Gamification in education has been the subject of much research recently. Coined in 2002, the term ‘gamification’ refers to the use of game elements, such as reward points or that Pavlovian-response-inspiring ‘ding’ after completing a task, to motivate people to work on something that would normally be a dull activity.
Think of how easily many of us can perform the same activity over and over in a minigame, when the same activity in real life would get boring pretty fast. This is because the minigame offers us carefully timed and scaled rewards that tell our brains we are being productive and getting something worthwhile for our efforts. Gamification just harnesses the same strategy for the good of learning.

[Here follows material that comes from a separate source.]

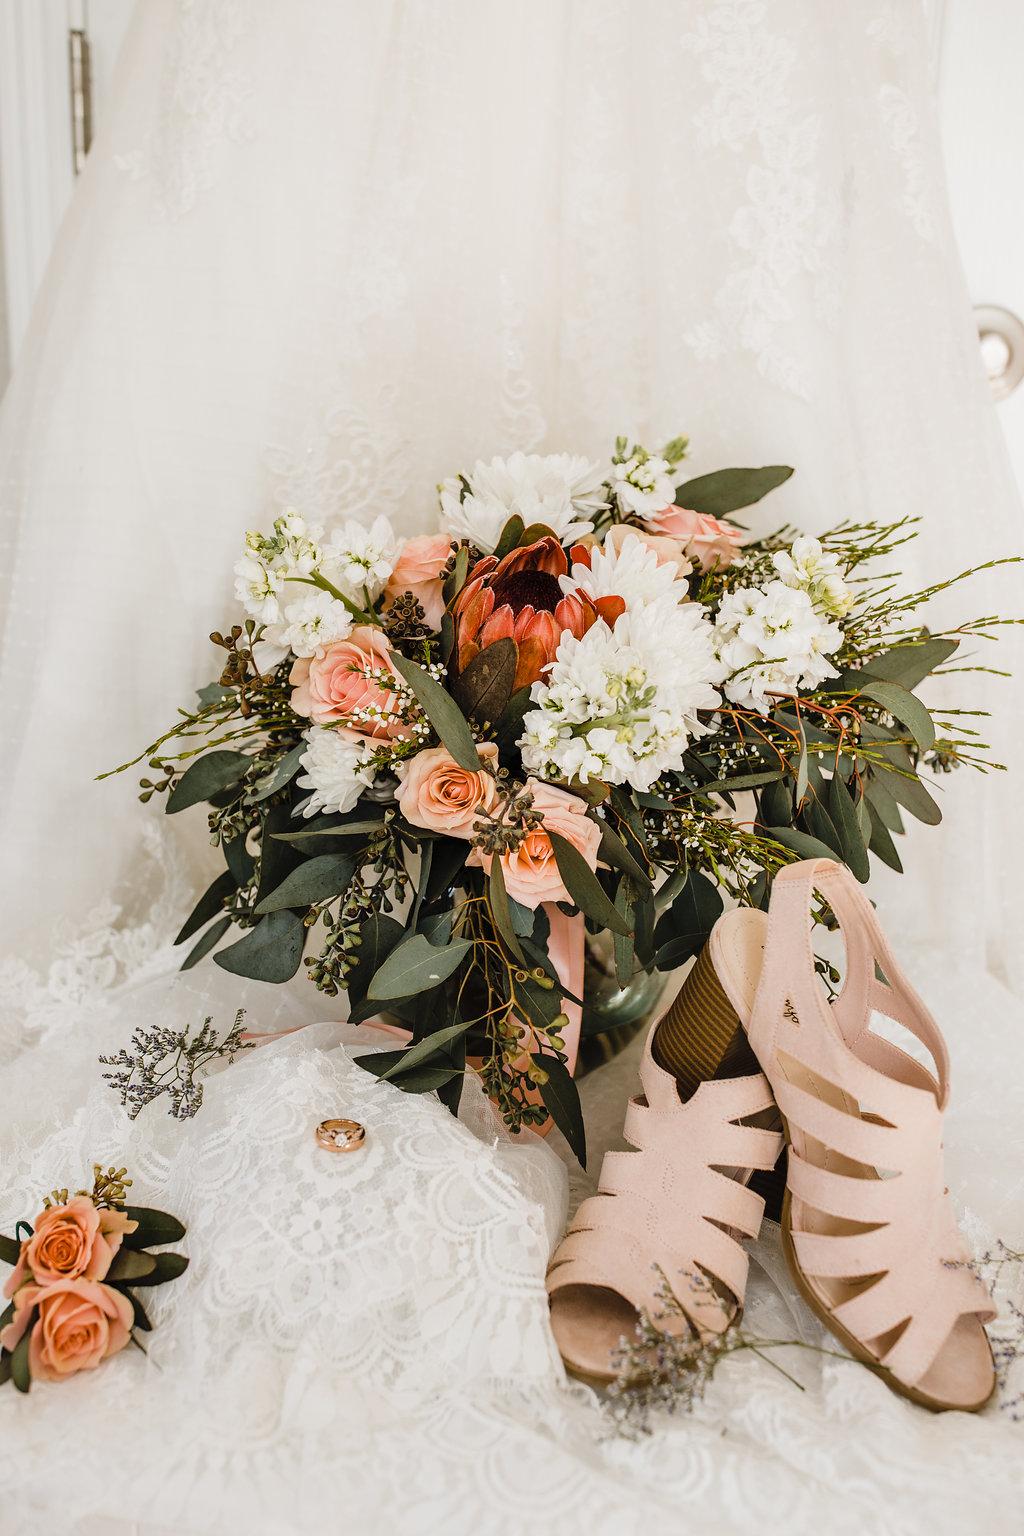 wedding day details bride sandals bouquet and ring professional utah wedding photographer calli richards

The benefits of gamification in education are countless, but there are some distinct highlights:
- Better engagement with the lesson
- Greater interest in the subject matter
- Quieter, more focused students
- Realistic simulations
- Adaptability to users’ individual needs
- Higher grades/more passes
The psychology of gamification causes us to put more effort in when we feel rewarded. It sounds so simple on the surface, and we have been doing this, in many way, for years. In the past we offered students perks, regular scoring, and certificates in exchange for hard work, but it is only recently that we have worked out how to apply rewards ever more efficiently to make sure students are genuinely enjoying their lessons.

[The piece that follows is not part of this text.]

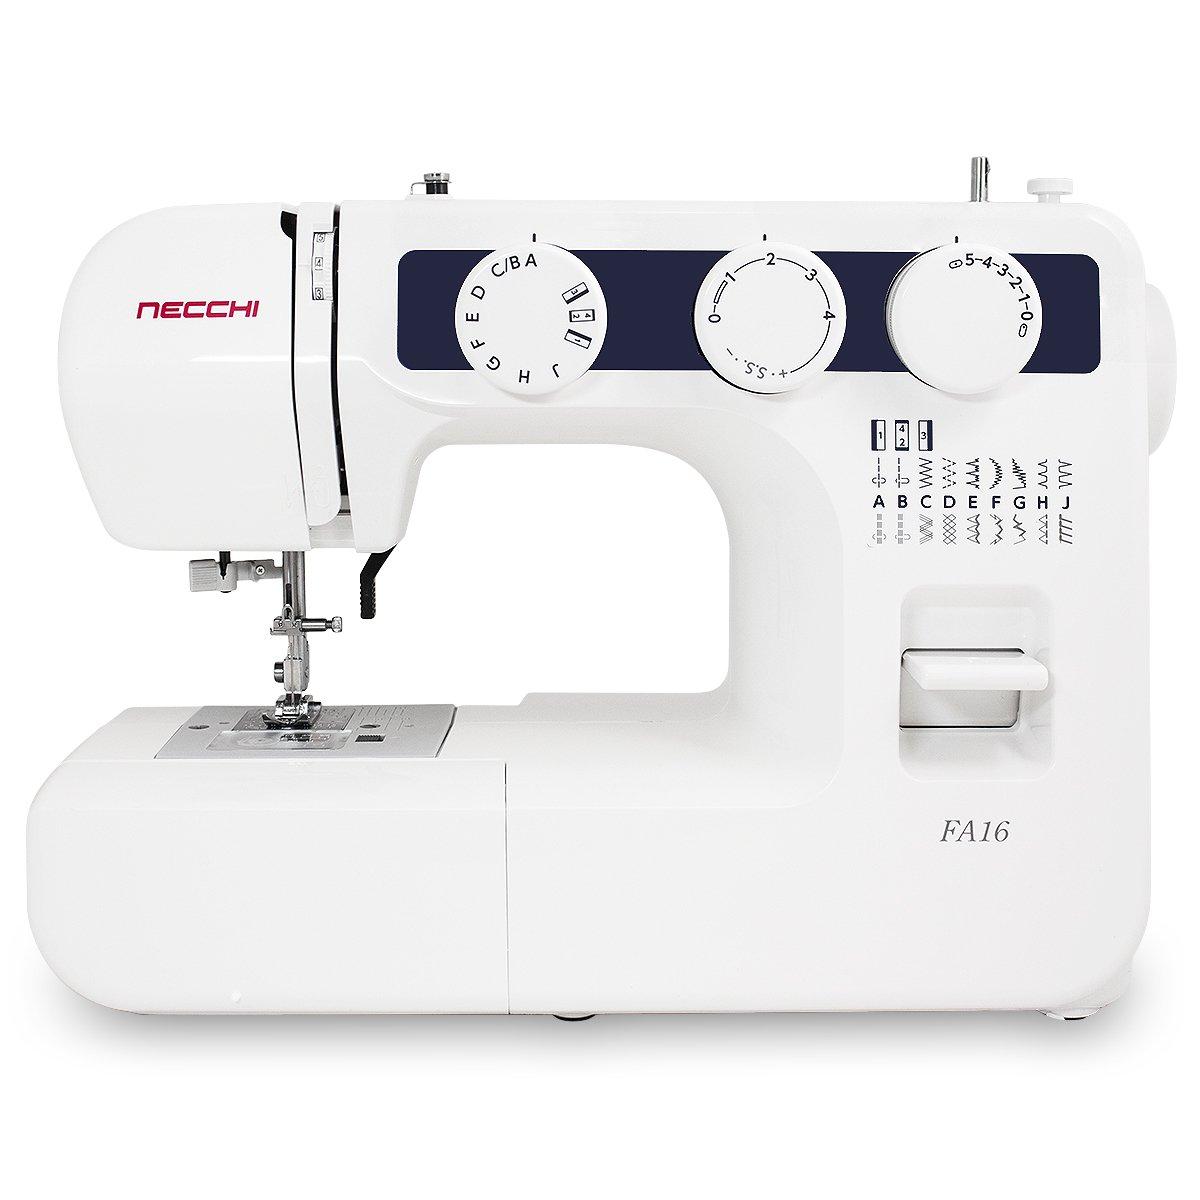 Necchi FA16 Mechanical Sewing Machine

The top strategies for rewarding students are:
1: Offer a level system
A bit like how our books are divided into chapters, we need to highlight and celebrate students’ progress. Set learning milestones and motivate students towards them.
You can also consider offering a small certificate or reward at each milestone, with major milestones being celebrated more seriously. This way your student has something to aspire to and something to look forward to.
2: Intermittent rewards
The biggest difficulty with motivating students is that it’s hard to stay engaged for a lesson when the reward is in a week, or six months time.

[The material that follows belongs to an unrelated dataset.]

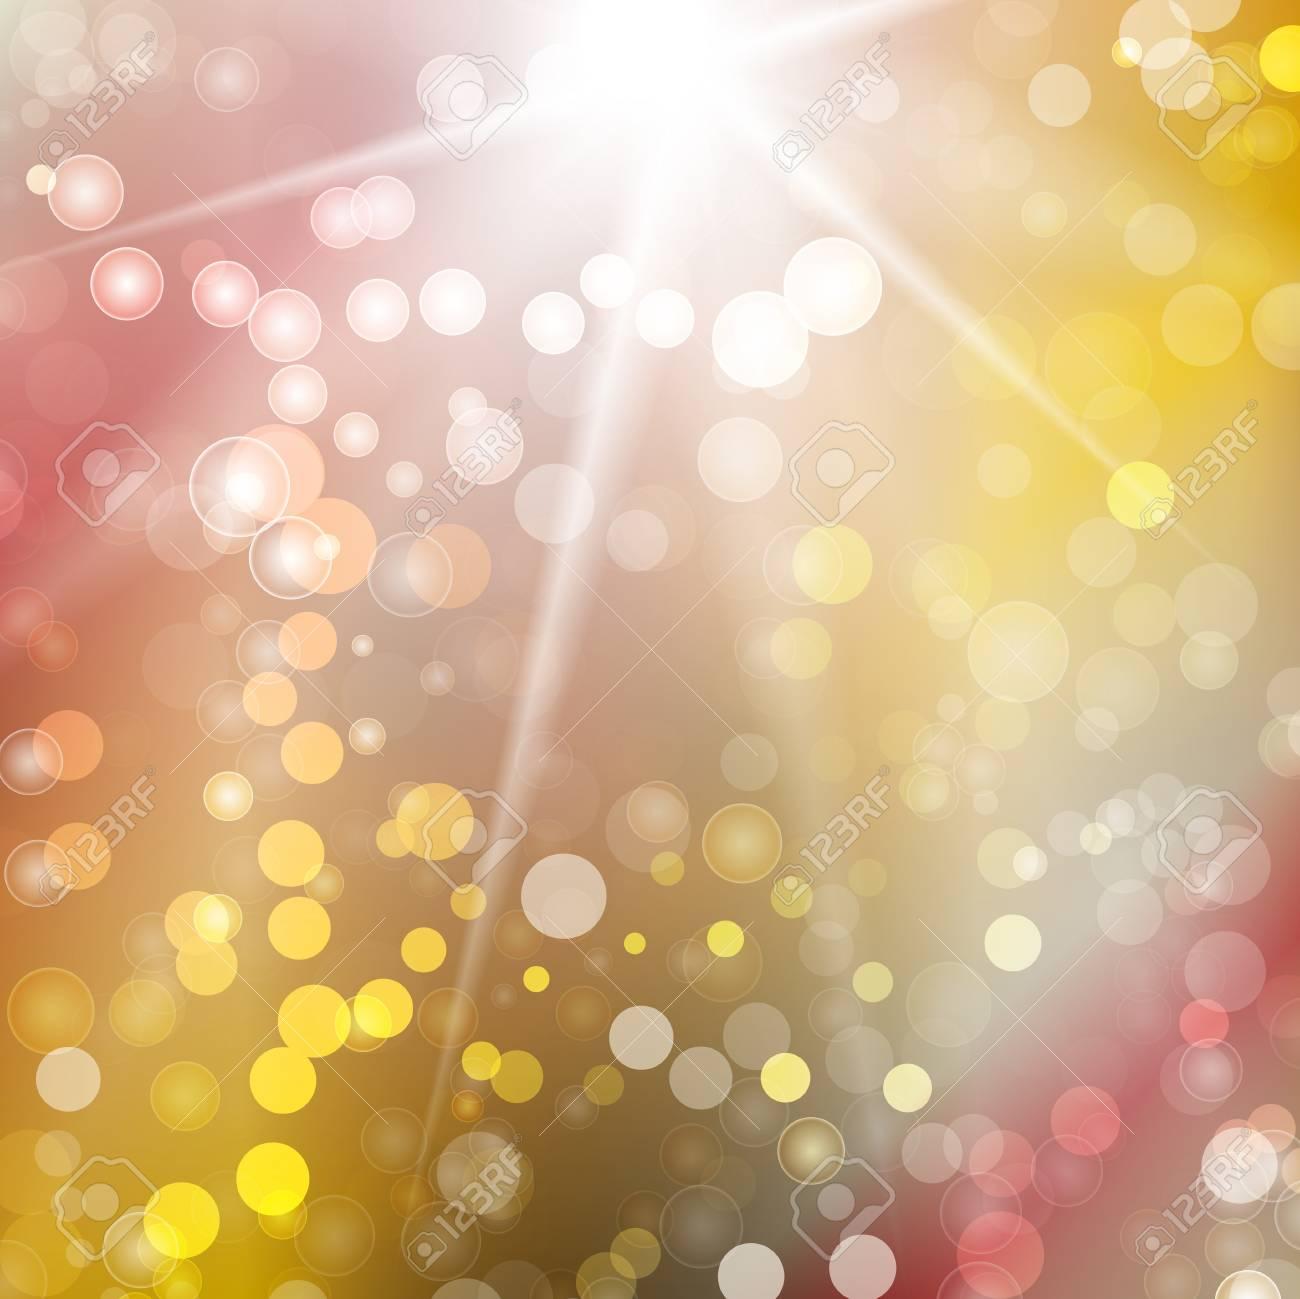 Festive bokeh lights abstract background. Vector illustration Stock Vector - 16675096

Instead, offer small rewards intermittently for work well done. The trick is to award often, but not every single time a student does well. A good rule of thumb is to offer a small reward, such as a point, for 9-out-of-10 “well dones”.
3: Score keeping
Keep a tally of what level your students are at, how quickly they reach each level, and how many rewards they’ve earned. Everyone is motivated by the prospect of defeating our own personal record, but there needs to be a record to beat!
4: Opt-in leaderboards
Some people are really motivated by comparing themselves to others, whereas other people are put off. Adopt a leaderboard that students can choose to participate in, allowing competitive students and shy students to use their scores to suit their own personal needs.
Although gamification in learning is a relatively new approach, it’s holding up to scrutiny, and may just be the solution you need for your students’ focus and motivation challenges.